E' uno degli ospiti più anziani di questo ospizio, ha quasi novant'anni. Non si è sposato, non ha parenti, e gli amici che aveva se ne sono andati da anni. Forse per questo guarda mio figlio con quella specie di ammirazione e quasi una punta di tenerezza: a furia di vederlo è come se fosse diventato parente anche suo.

"Fagli vedere il presepe" mi suggerisce bofonchiando.

"Cosa ha detto?" vuol sapere Alberto.

"Di farti vedere il presepe. Lo hanno fatto in questi giorni."

"Sì, certo" dice Alberto, ma io capisco che è già preoccupato di far tardi, fuori piove e ha l'auto parcheggiata lontano.
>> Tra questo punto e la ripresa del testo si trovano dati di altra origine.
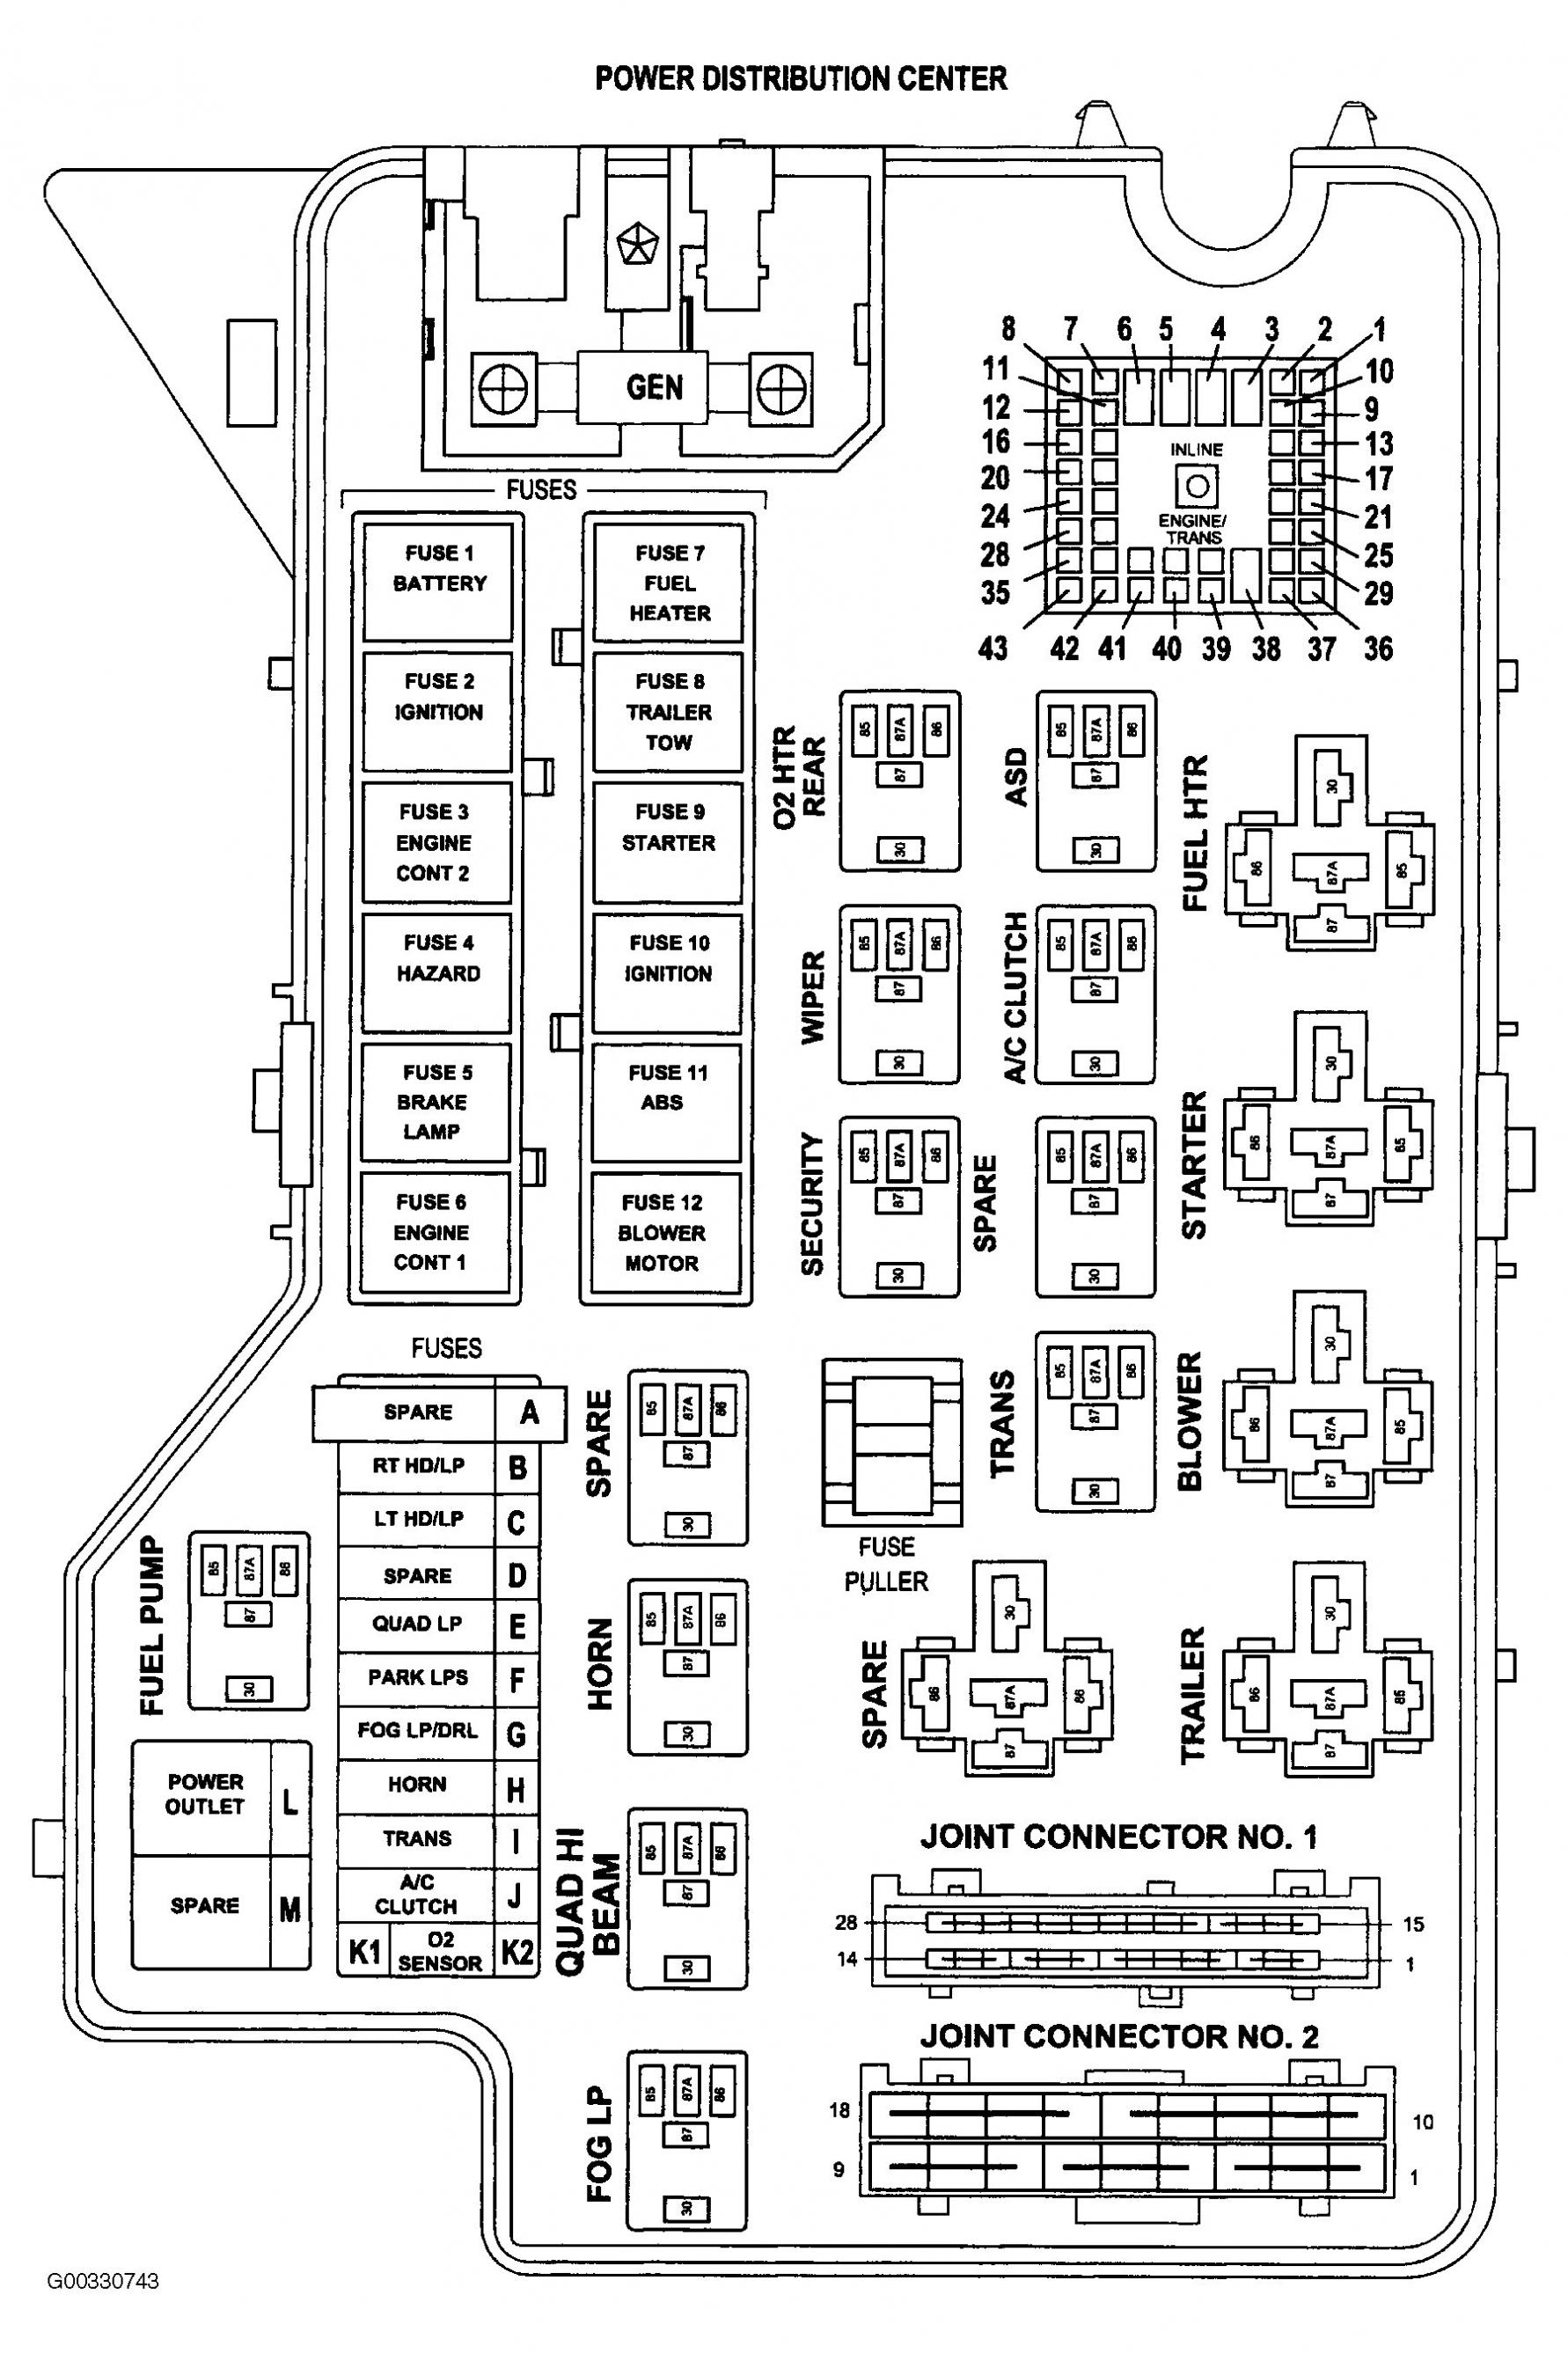 Ram 1500 Fuse Box - Wiring Diagram Data - 2004 Dodge Ram 1500 Wiring Diagram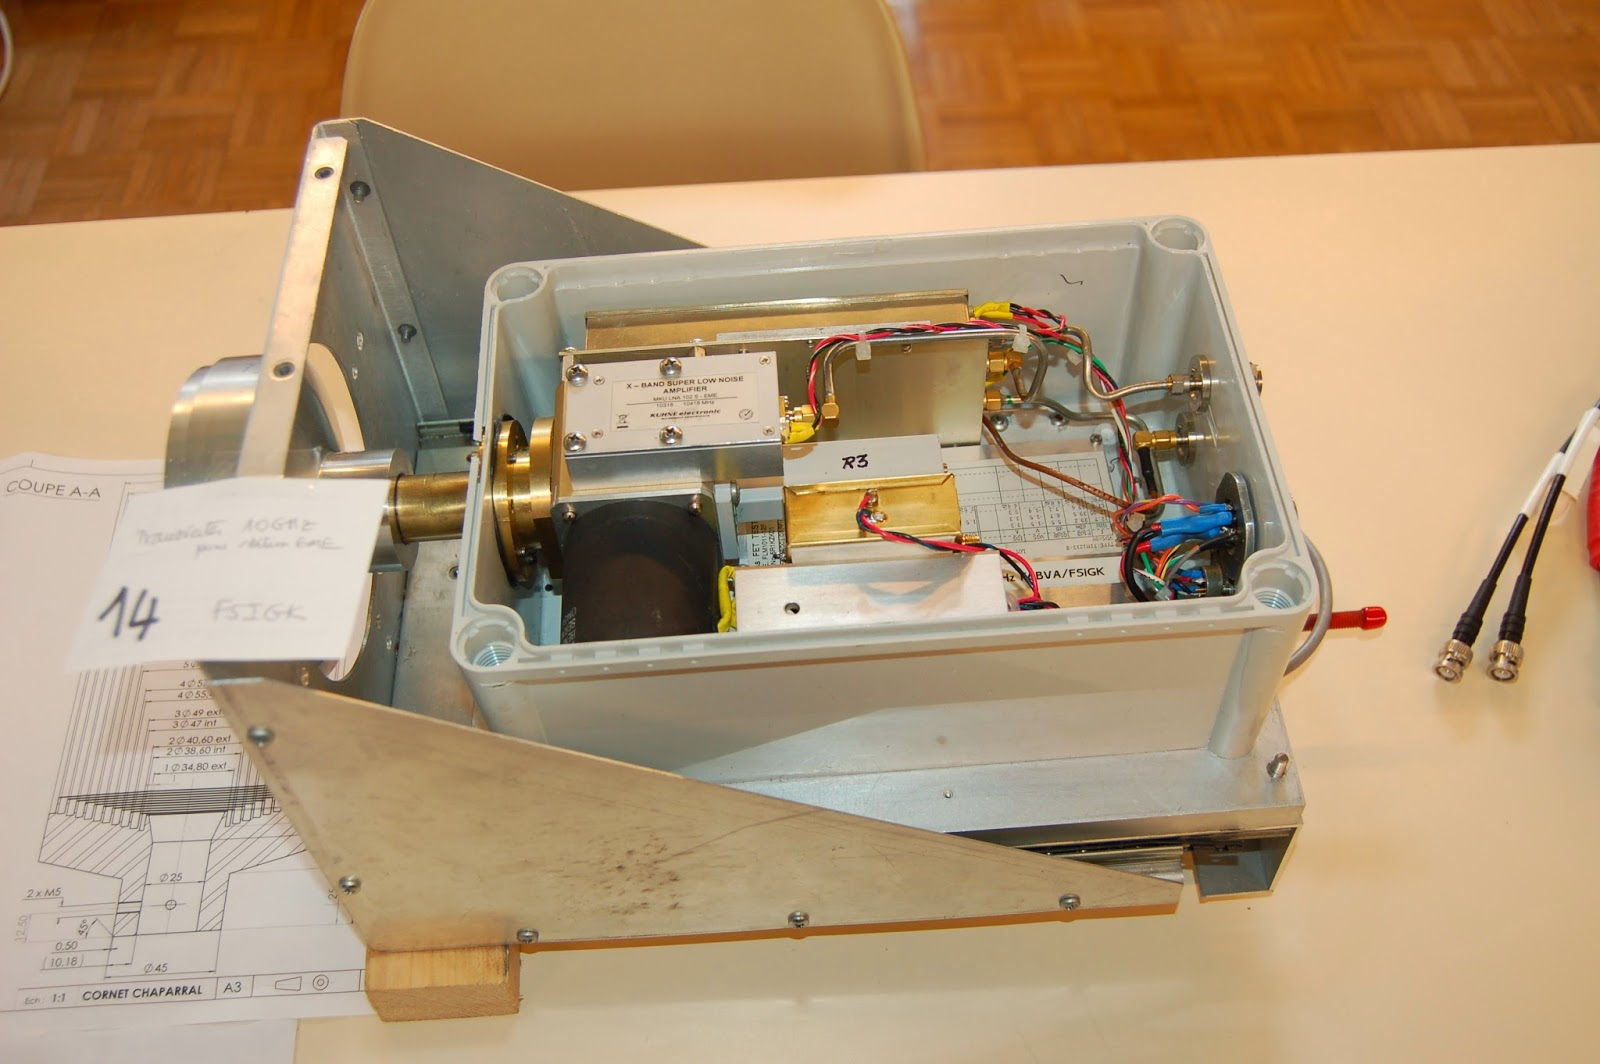 association des radioamateurs de la sarthe 04 12 14. Black Bedroom Furniture Sets. Home Design Ideas

"Vai pure, ci vediamo domani."

Mi vergogno sempre un pò della presenza di tanti crani lucidi e teste canute curve sul cibo, quasi fosse colpa mia il trovarmi qui. Avessi potuto badare a me stesso e mantenermi da solo con la pensione sarei rimasto a casa mia. Ora il pomeriggio sarà interminabile, appena rimarrò di nuovo solo, perchè lo spettacolo della vecchiaia altrui mi rende insopportabile persino la mia...E così le lunghe pause, i silenzi, le ombre, i ricordi che sbiadiscono, proprio quelli che pensavo mi avrebbero fatto più compagnia...

"Ah, senti" ha aggiunto Alberto "ho pensato di regalarti un paio di pantofole col pelo."

"Grazie, ma lascia stare. Non spendere soldi per me. Non ho bisogno di niente."

Che avvilimento constatare che non c'è regalo che possa essermi utile, o farmi piacere, all'infuori del gesto in sè.

"Vuoi forse qualcos'altro?"

Gli ho fatto cenno di avvicinarsi per poter aggiungere sottovoce. "Casomai fà un regalo a Tommaso, che non ha nessuno."

"Va bene" mi rassicura.

Dalla vetrata si è girato a farmi un saluto con la mano. Chissà se si ricorderà.

Poi dopo mangiato, seduto nella saletta della televisione, guardando il telegiornale, mi è ritornato un pensiero. Forse si muore perchè il mondo è peggiorato, e in quei fatti, in quelle cronache trasmesse dallo schermo ci sentiamo estranei.